The element of impulsivity in firearm suicide means that it is a method in which mechanical intervention — or “means restriction” — might work to great effect. As to how, Dr. Matthew Miller, the associate director of the Injury Control Research Center, outlined for me a number of very basic steps. Storing a gun in a lockbox, for example, slows down the decision-making process and puts that gun off-limits to everyone but the possessor of the key. Similarly, studies have shown that merely keeping a gun unloaded and storing its ammunition in a different room significantly reduces the odds of that gun being used in a suicide.

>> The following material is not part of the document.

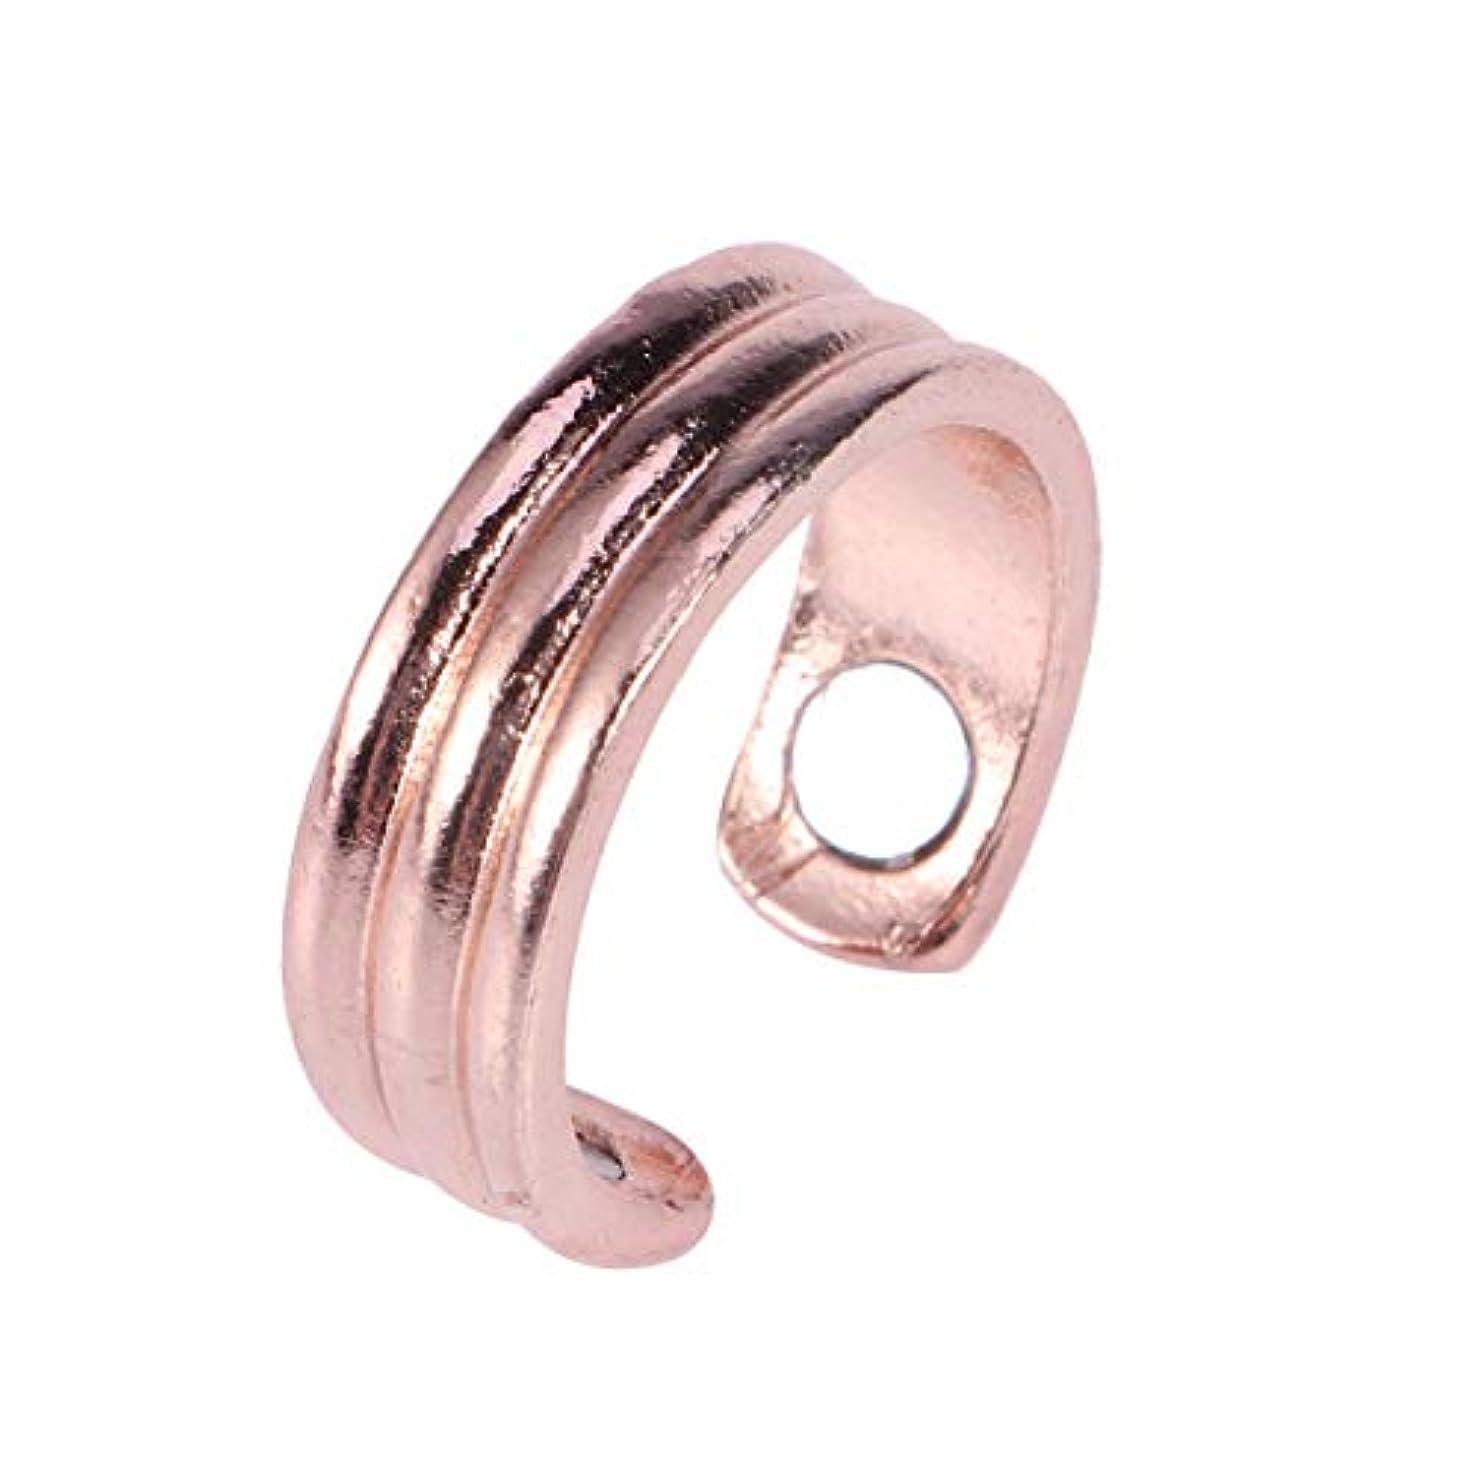 代替離す集めるSUPVOX 磁気リング療法指圧抗いびきリング息切れ治療指圧治療ヘルスケア関節炎

“The goal is to put more time between the person and his ability to act,” Miller said. “If he has to go down to the basement to get his ammunition or rummage around in his dresser for the key to the gun safe, you’re injecting time and effort into the equation — maybe just a couple of minutes, but in a lot of cases that may be enough.”
This is the nonsense that comes about when you see the world through a keyhole -- you miss the big picture. And when you combine that inability to see the big picture with an inherent bigotry against guns, you lose the ability to weigh costs and benefits. You are blind to the life-saving benefits of guns, and only see their less savory uses.

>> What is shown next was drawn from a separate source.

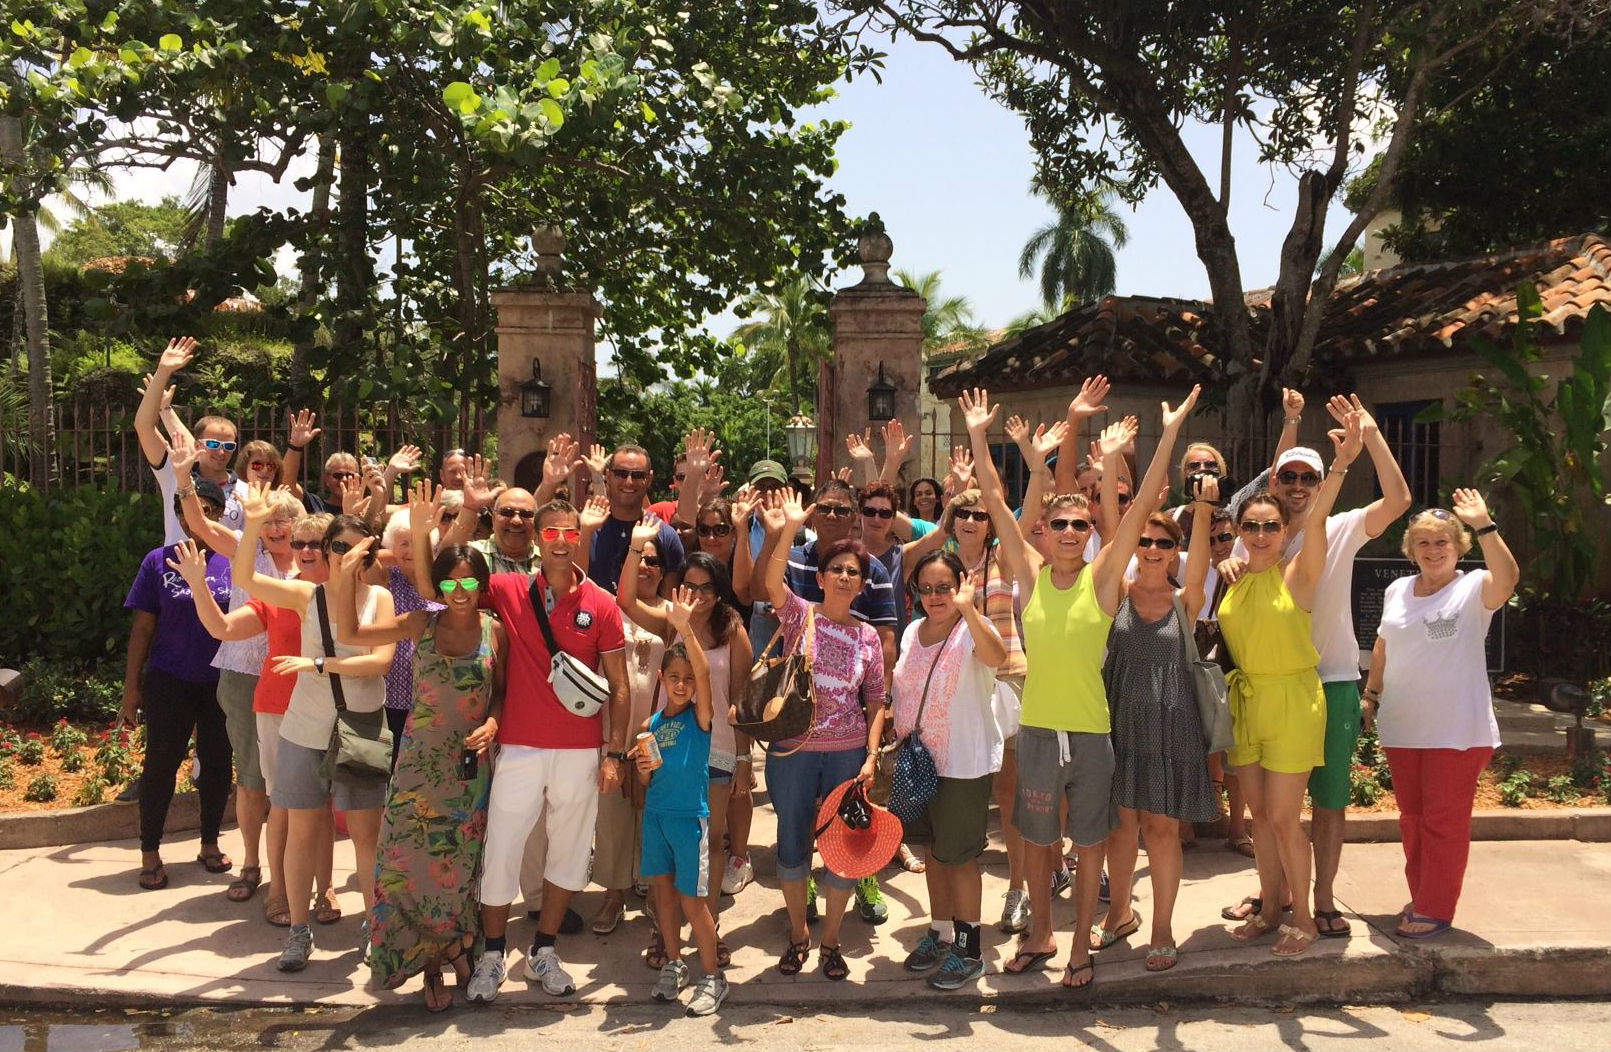 Miami Sightseeing Tour

Suicide has been a part of human history and the human experience for far longer than guns have been around. As the article notes, guns are used in less than one percent of suicide attempts. Which means that lots of people kill themselves (or attempt to do so) in lots of other ways. Always have, and probably always will. Heck, the fact that those using guns to kill themselves achieve an 80%+ success rate that exceeds other self-extinction methods would seem to be a testament to guns' effectiveness as a killing tool. The tool can be used for good or bad purposes, according to the will of the user.
Of course, nowhere in the article was there any semblance of balance in examining the potential life-saving benefits of guns, or to state the issue differently: the cost in human lives of some of the proposed "solutions" to the suicide problem. For example, the article postulates that a 10% reduction in gun ownership might save 800 lives a year. Yet we know that guns are used defensively over two million times a year to prevent rapes, robberies, and murders. So if that 10% reduction in gun ownership results in a similar ten percent reduction in defensive gun uses, that would mean something in the neighborhood of 200,000+ additional rapes, robberies, and murders a year. That hardly seems a fair tradeoff.
Other proposed "solutions" such as making gun owners store the guns unloaded, or locked up, might help reduce suicides, but such ideas will also significantly impede defensive uses, which require immediate access to loaded guns. But when you are either ignorant, or willfully blind to the benefits of guns, it's easy to propose "solutions" that ultimately cost more human lives than they save.